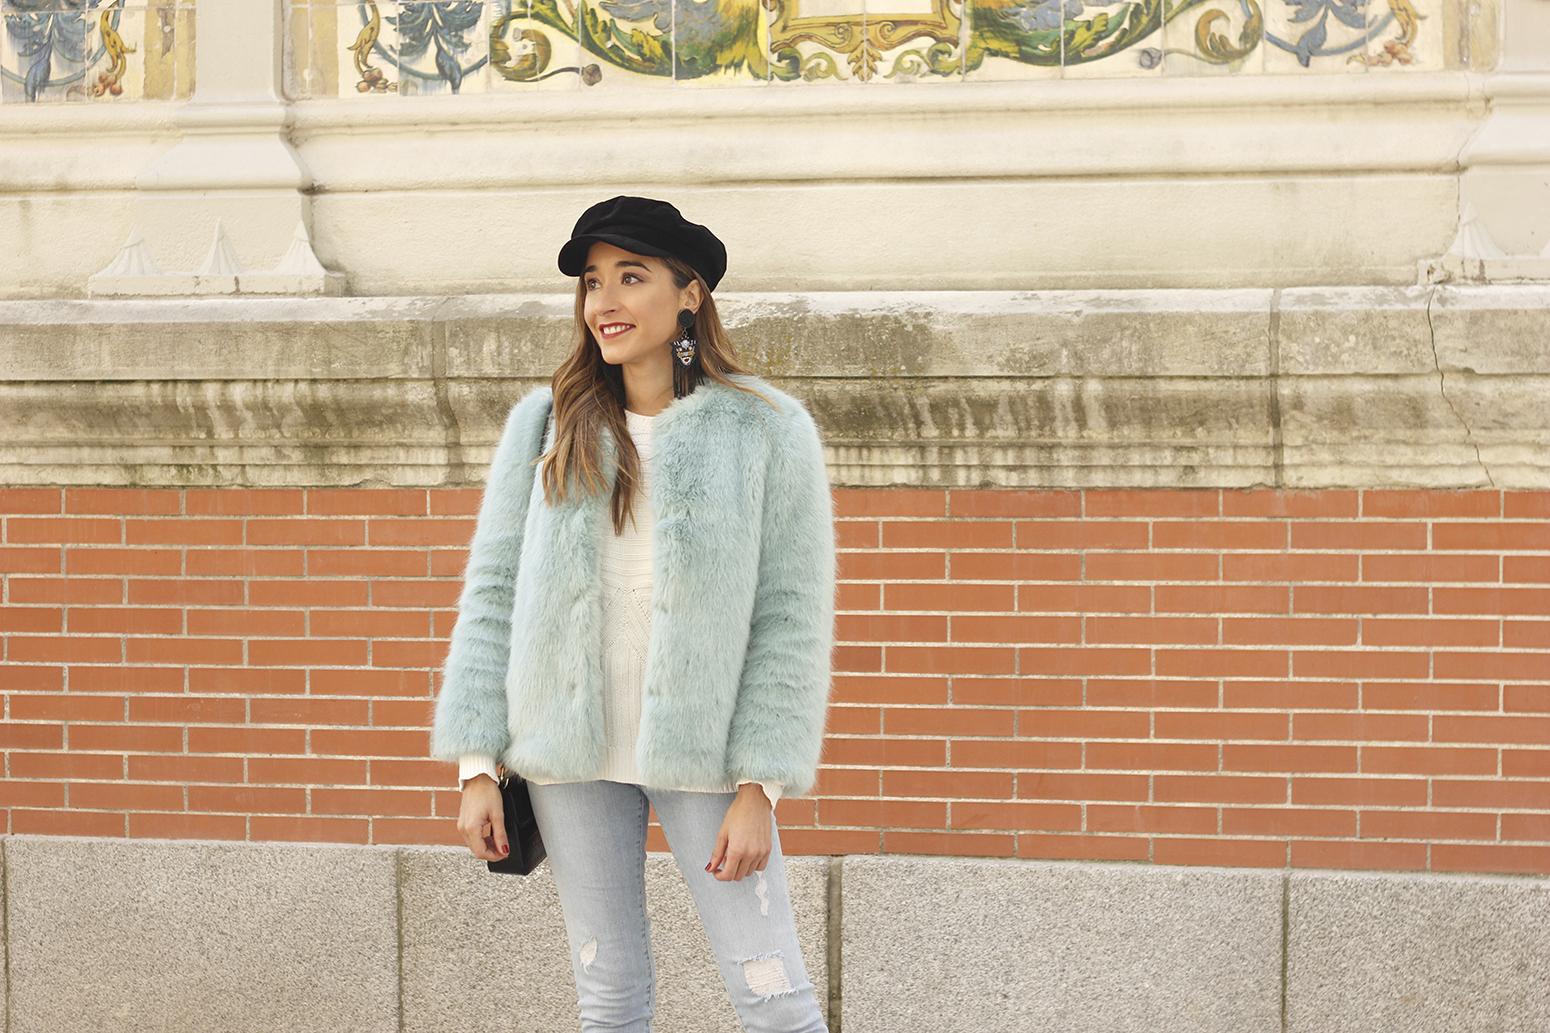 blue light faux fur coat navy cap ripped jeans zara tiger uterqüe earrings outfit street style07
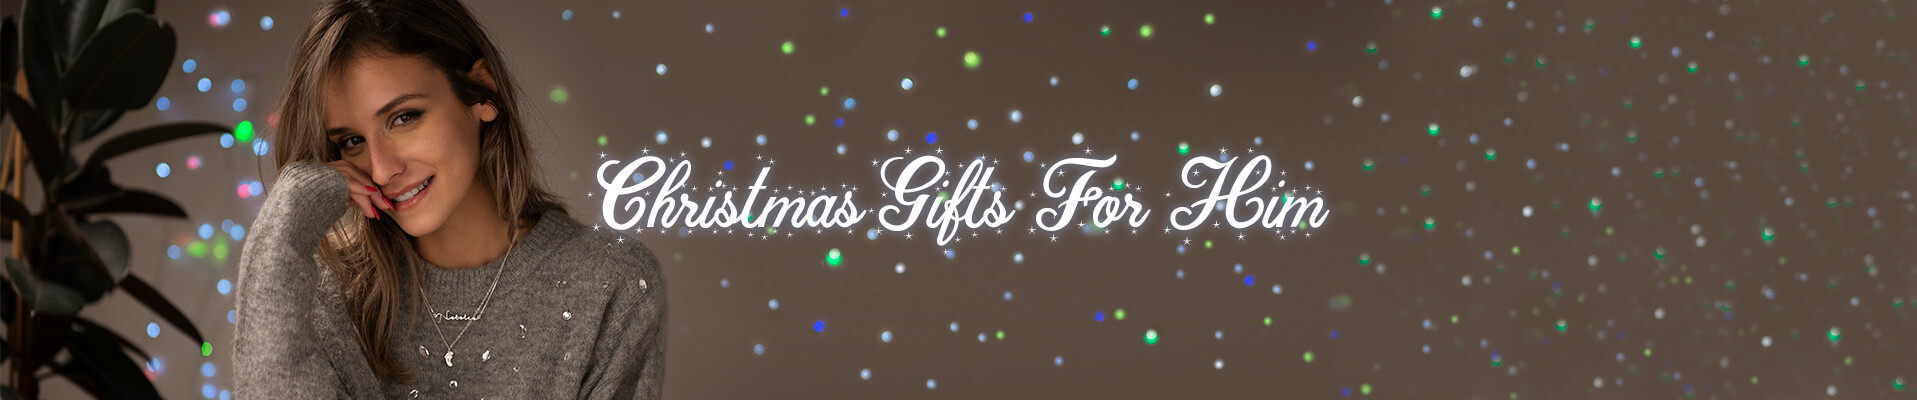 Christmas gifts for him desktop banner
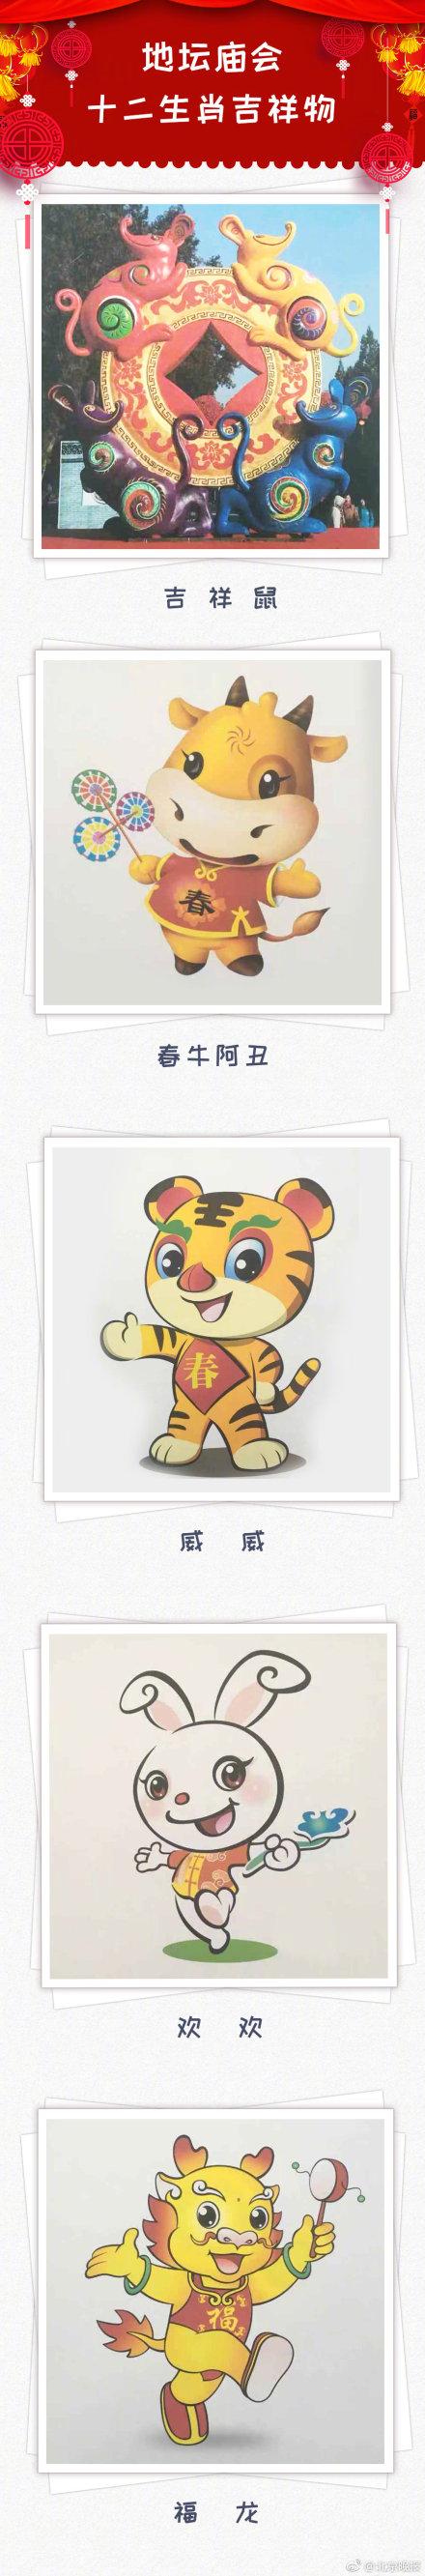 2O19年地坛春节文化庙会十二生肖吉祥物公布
★ ★ ★ ★
▶ _Exercise details_
Give the listing again exactly, minus its images.

▶ _Output of the exercise_
 blue light faux fur coat navy cap ripped jeans zara tiger uterqüe earrings outfit street style07
 Christmas gifts for him desktop banner
 2O19年地坛春节文化庙会十二生肖吉祥物公布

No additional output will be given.